On Thursday, Joseph Goldstein of the New York Times reported that “Dozens of sex offenders who have satisfied their sentences in New York State are being held in prison beyond their release dates because of a new interpretation of a state law that governs where they can live.” In short, since 2005, sex offenders in the state can’t live within 1,000 feet of a school, and a February ruling from the state’s Department of Corrections and Community Supervision extended that restriction to homeless shelters.

Because the onus is on sex offenders to find approved housing before they’re released, Goldstein reported, they’ve been left with very few options, especially in densely-populated New York City, where there are schools everywhere. This has led to an uncomfortable legal limbo and sparked at least one lawsuit (so far) on behalf of an offender who is still in custody even though he was supposed to be out by now.

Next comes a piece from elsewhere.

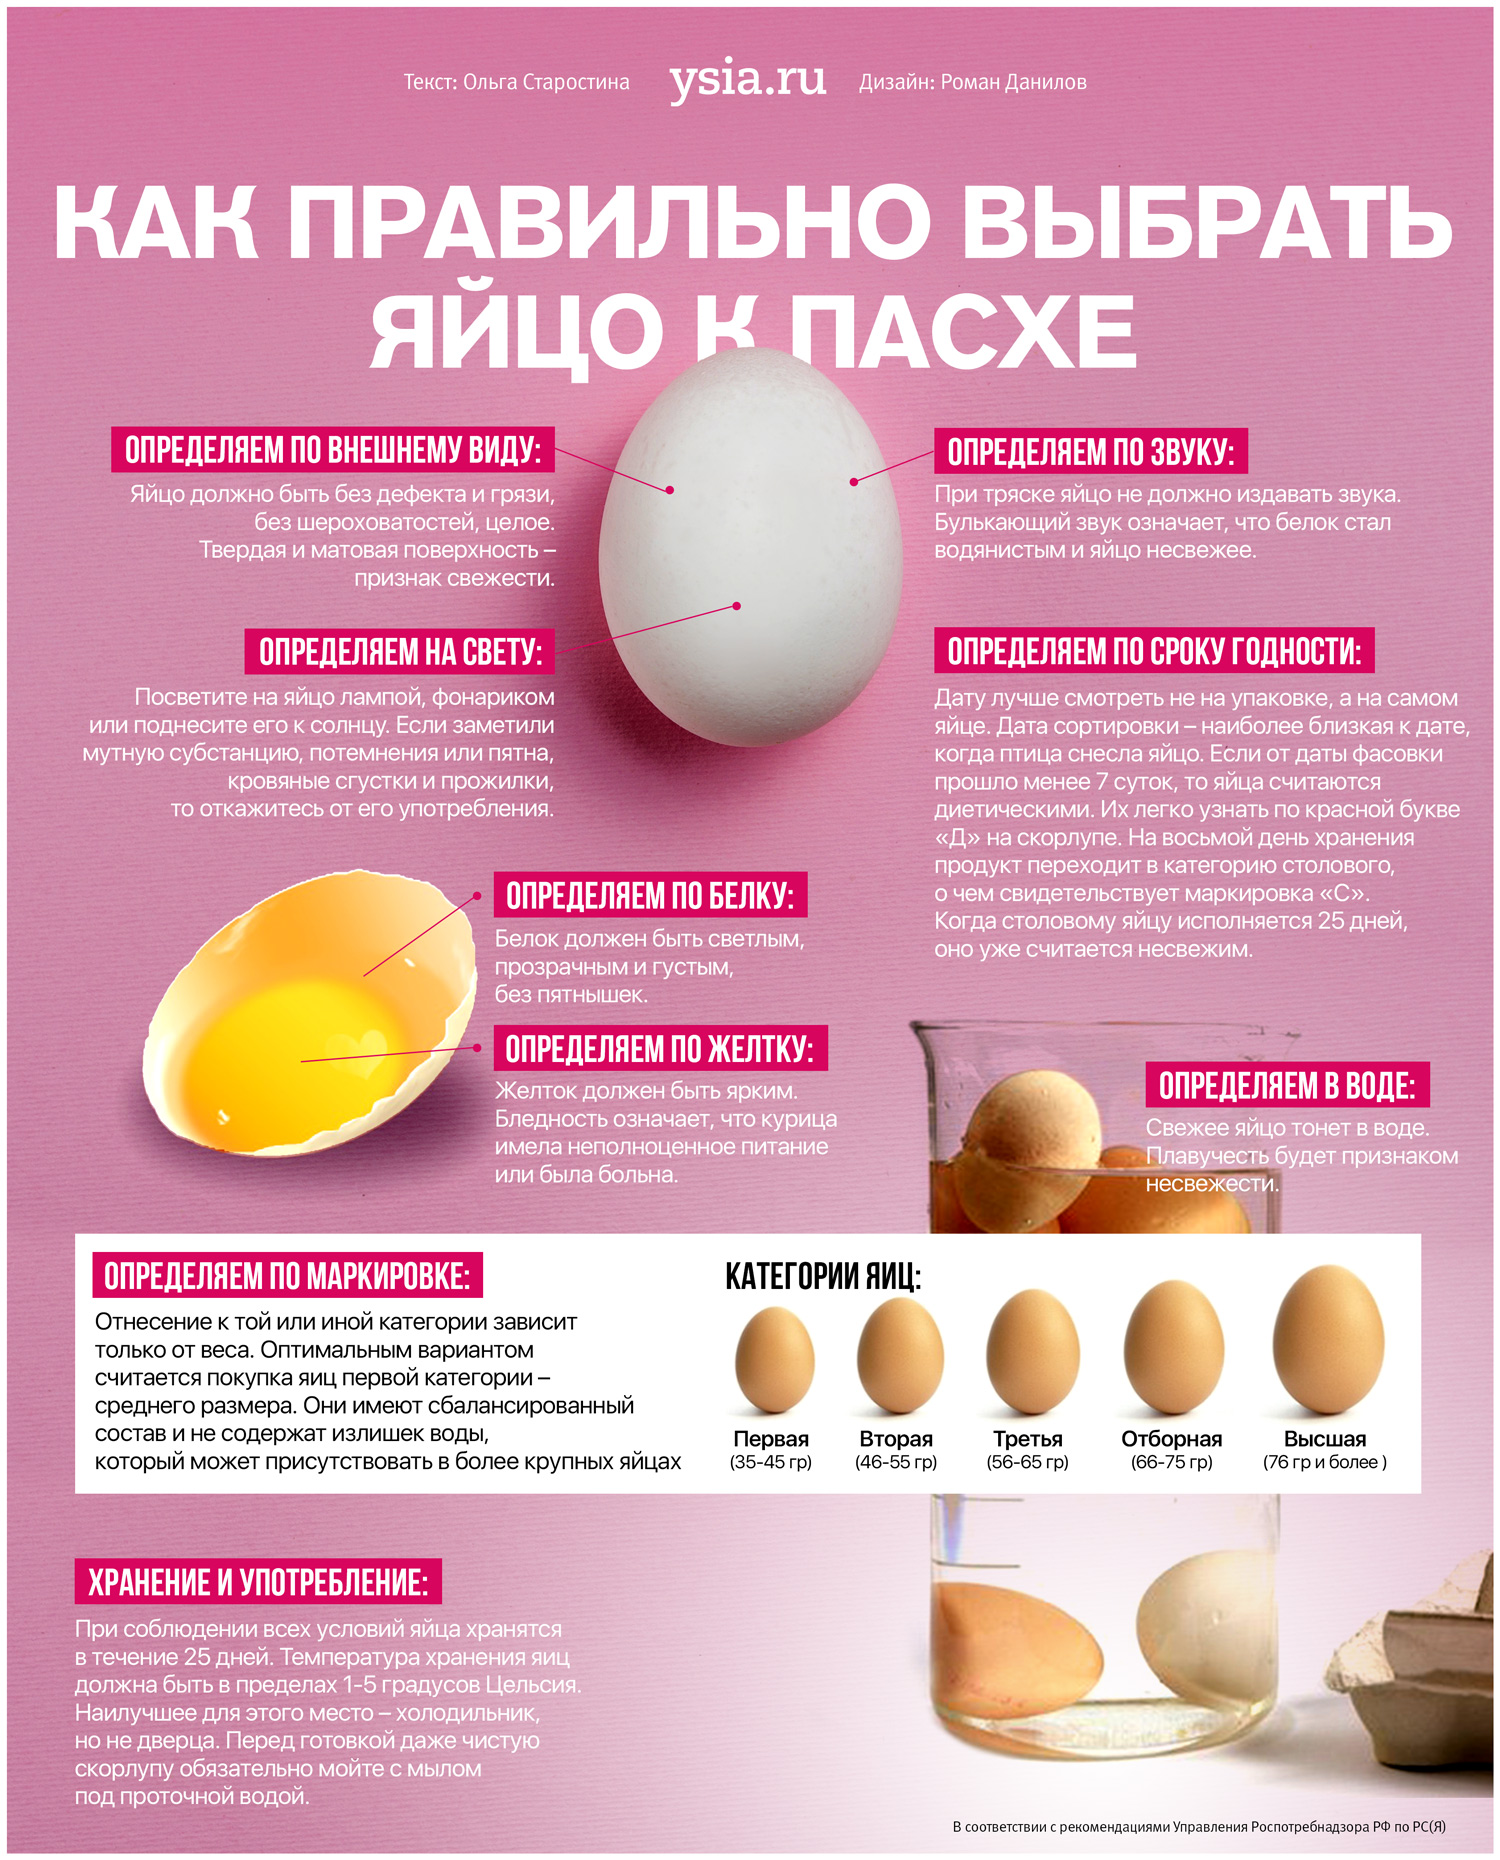 Как отличить яйца. Как выбрать яйца. Как правильно выбирать яйца. Инфографика яйцо. Категории яиц куриных.

The unfortunate thing about this situation is that laws designed to restrict where sex offenders can live are really and truly useless, except as a means of politicians scoring easy political points by ratcheting up hysteria. There are many tricky social-scientific issues on which there are a range of opinions and some degree of debate among experts, but this isn’t one of them. Among those whose job it is to figure out how to reduce the rate at which sex offenders commit crimes (as opposed to those whose job it is to get reelected, in part by hammering away at phantom threats), there is zero controversy: These laws don’t work, and may actually increase sexual offenders’ recidivism rates.

Maia Christopher, head of the Association for the Treatment of Sexual Abusers, sent Science of Us a policy paper her organization has prepared on this issue (it’s not yet online, but should be later this week). ATSA’s views on housing restrictions for sex offenders are completely straightforward: the group “does not support the use of residence restrictions as a feasible strategy for sex offender management” because of a lack of evidence they do any good.

The paper notes that these laws have proliferated — “[a]t least 30 states and hundreds of cities” have them — because of some basic misunderstandings about how sex crimes are committed. There’s a collective American fixation on the creepy image of a sex offender salivating just beyond the playground fence, but that’s just not how things usually work.

Rather, these crimes are generally committed by someone known to the victim — 93 percent of the time when it comes to child victims, according to the U.S. Bureau of Justice Statistics — and the majority take place either in the victim’s home or the home of someone they know. “Therefore,” the authors write, “policies based on ‘stranger danger’ do not adequately address the reality of sexual abuse.”

The policy paper goes on to run through some of the many studies on the subject. In Florida and Colorado, sex offenders who resided near schools or daycare centers didn’t reoffend more frequently than those who did not. In Minnesota, an analysis of 224 “sexual reoffense crimes” found that the “offender was a neighbors of the victim in only about 4% of the cases,” and “the authors concluded that residence restrictions would not have prevented even one re-offense.”

All the literature, in short, points to the same conclusion: restricting where sex offenders can live doesn’t appear to increase public safety one iota. It may decrease it, however, because the “unintended consequences of residence restrictions include transience, homelessness, instability, and other obstacles to community reentry.” Since “unemployment, unstable housing, and lack of support are associated with increased criminal recidivism,” and housing restrictions lead to all three, they’re a bad idea, ATSA argues.

As a social-science writer used to the hedge-y language of “This study suggests that A may cause B,” it felt weird to be exposed to a debate in which the evidence is stacked so highly on one side. So I sent emails to Karen Terry and Cynthia Calkins Mercado, both professors at the John Jay College of Criminal Justice whose primary area of expertise is sex offenders.

Would it really be accurate, I asked them, to say that there’s literally no evidence these policies are useful? “You are correct,” Terry wrote back. “To date, there is no empirical evidence that these policies reduce the rate of sexual offending.” Mercado concurred, and added that there’s “considerable evidence that these restrictions make readjustment to the community more difficult and thus may inadvertently increase risk for recidivism.”

It should be said that these restrictions are just one part of a larger story — as Human Rights Watch, Radley Balko, and others have pointed out, U.S. laws governing sex offenses are broken in a myriad of ways. But getting rid of such housing laws would still be a step in the right direction, so it’s too bad that this is a pipe dream, at least in the short term. After all, what politician wants to stand up and say, “You know what? I think sex offenders should be able to live closer to children”?